Killing two birds with one stone, the Supreme Court’s conservative majority signaled an interest in further weakening the Voting Rights Act while also adding another case in critics’ arsenals to attack the justices’ use of the shadow docket.

WASHINGTON (CN) — Experts worry that the Voting Rights Act may be on the high court’s chopping block yet again after the conservative majority of the Supreme Court prevented litigation over a contested congressional map from moving forward during an election year.

Without an explanation, the justices blocked a district court ruling on Monday evening that would have forced Alabama to redraw its congressional map that the lower court said violated the Voting Rights Act. The lower court asked the state to give more influence to Black voters by creating another majority Black district. Alabama asked the Supreme Court for a stay on the district court’s ruling last month. The high court also agreed to add the case to its docket and it will most likely be heard next term. 
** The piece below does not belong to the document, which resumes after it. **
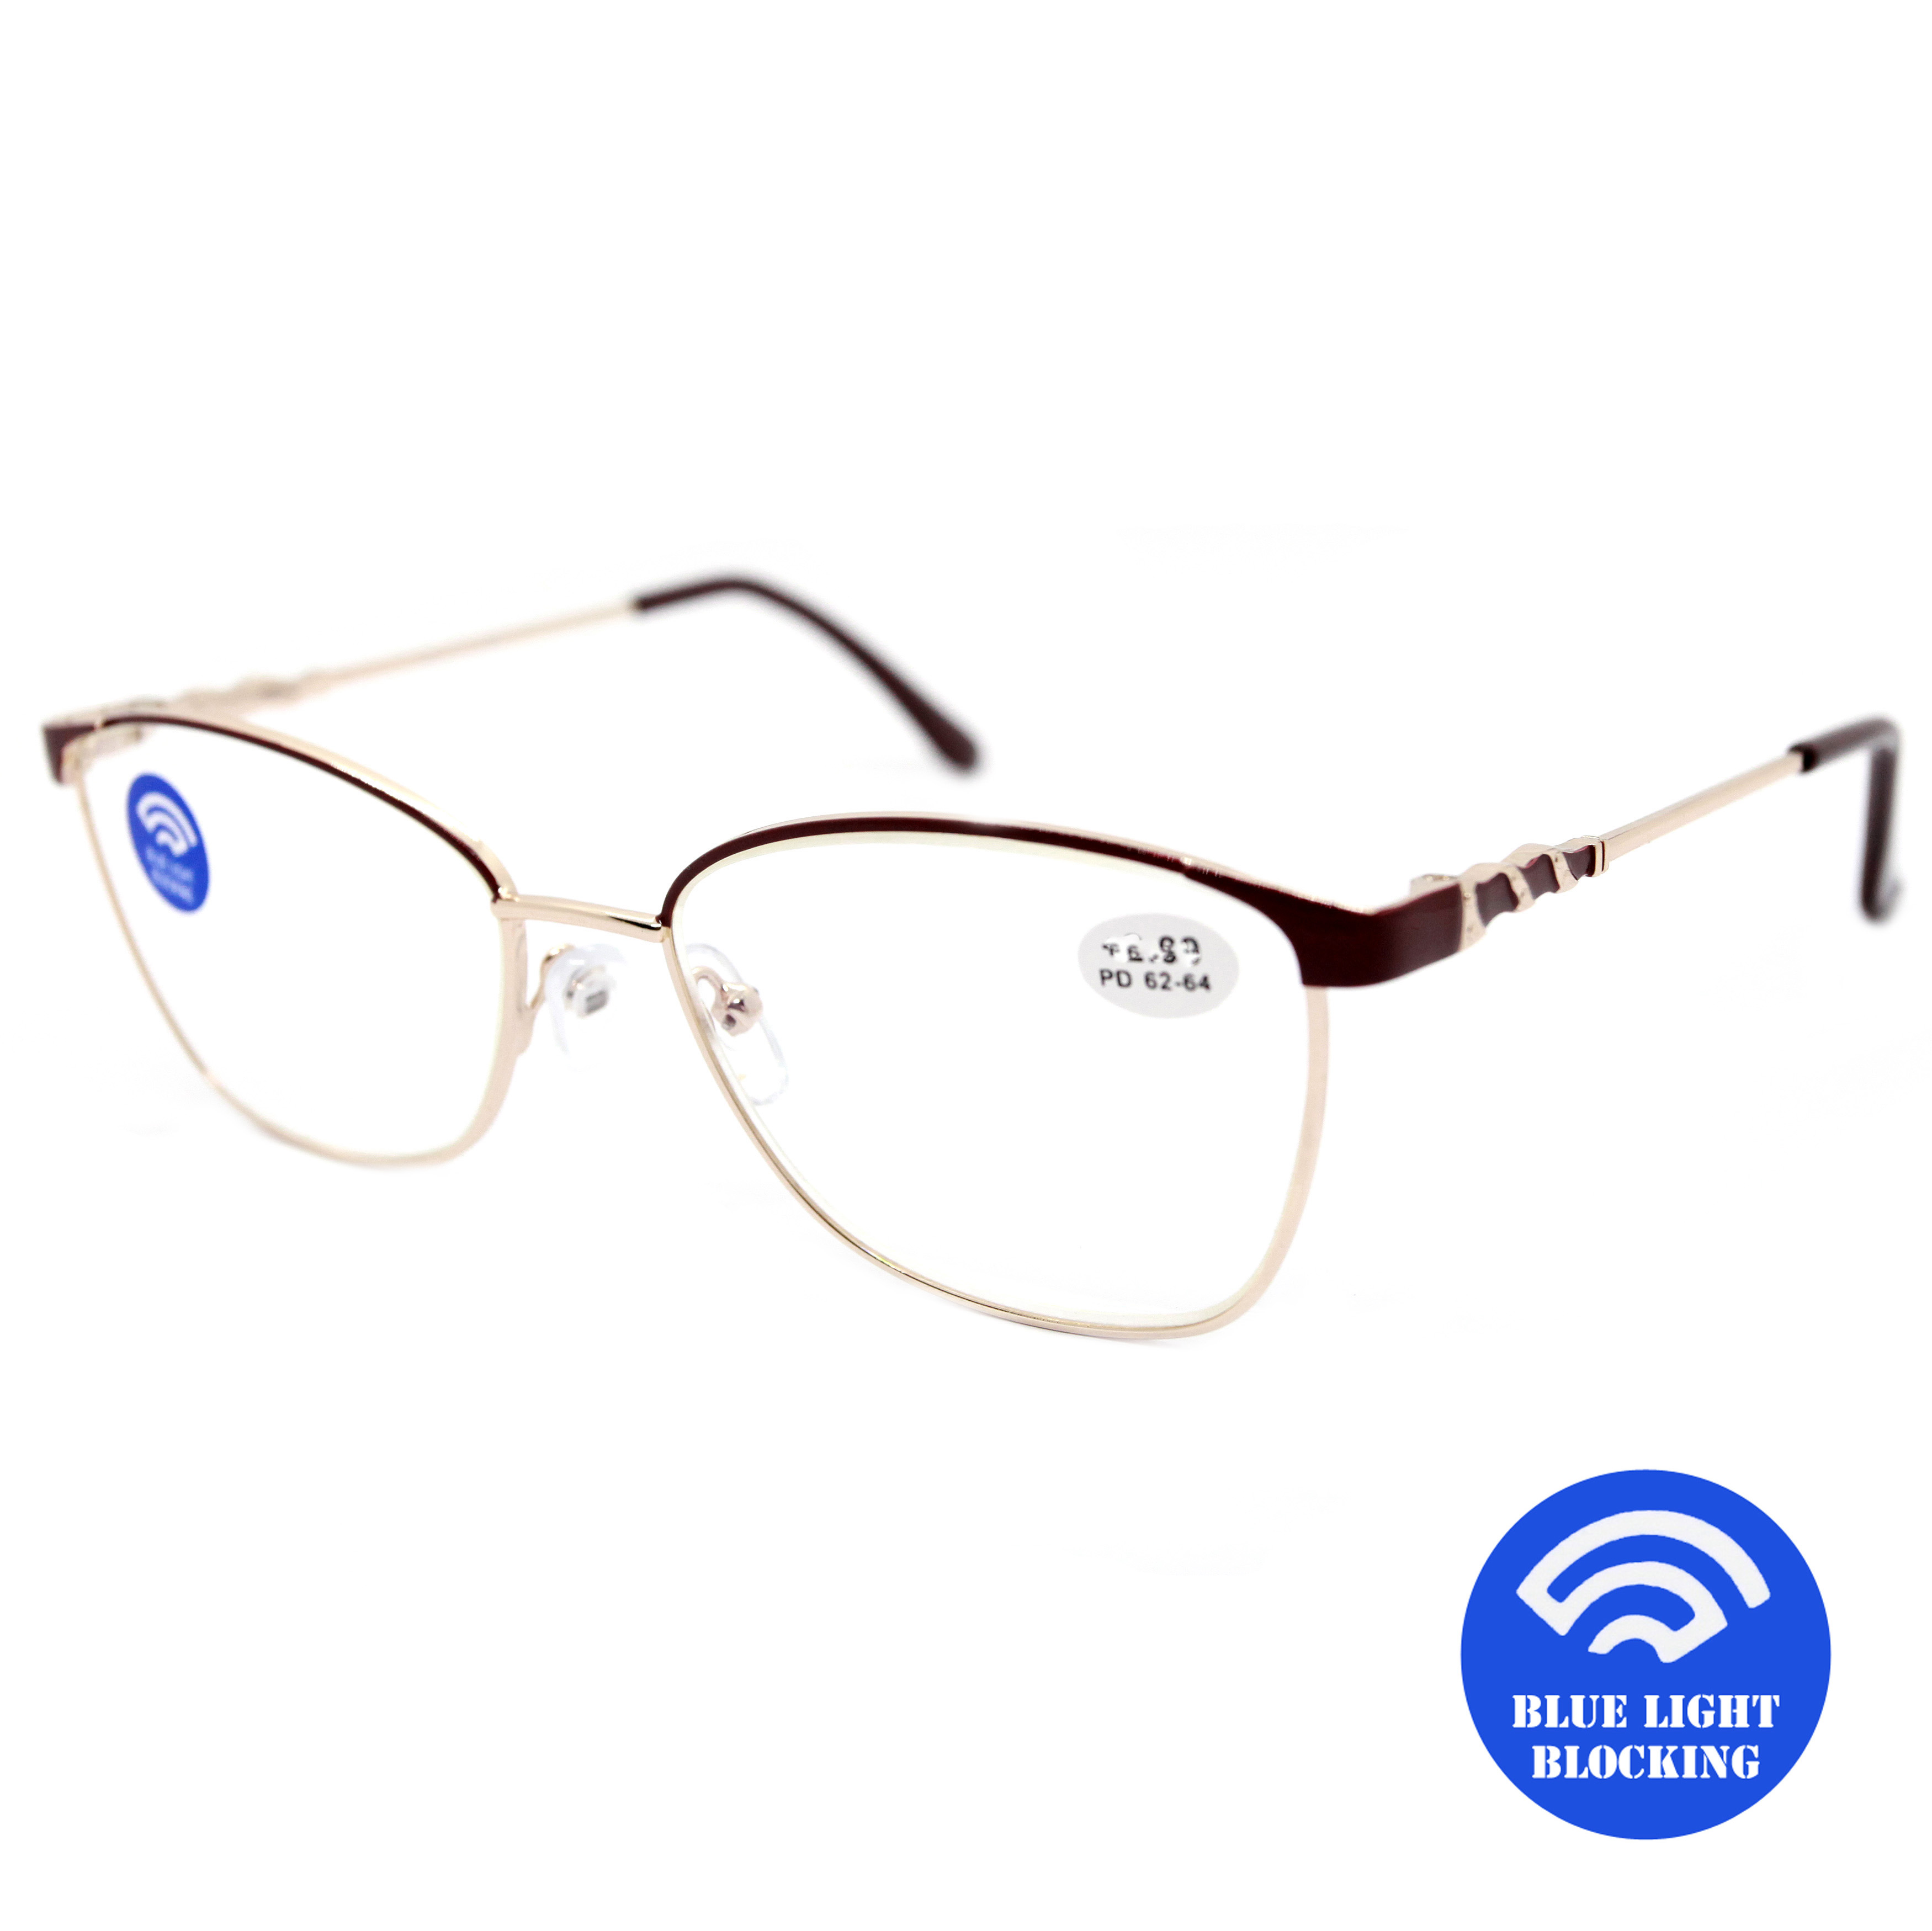 Готовые очки Glodiatr 1731 +2,50, без футляра, BLUE BLOCKER, бордовый, РЦ 62-64

Some of the justices in the majority said the litigation was too close to the election to be considered this year. 

In his opinion on the order, Justice Brett Kavanaugh — who was joined by Justice Samuel Alito — relied on an expanded version of the Purcell principle, which prohibits district courts from altering election rules close to an election, to explain why the contested map should be used in the 2022 election. 

“In short, the Purcell principle requires that we stay the District Court’s injunction with respect to the 2022 elections,” the Trump appointee wrote. “The Court has recognized that ‘practical considerations sometimes require courts to allow elections to proceed despite pending legal challenges.’ So it is here. If the District Court’s judgment is eventually affirmed after appellate review, the injunction can take effect for congressional elections that occur after 2022.” 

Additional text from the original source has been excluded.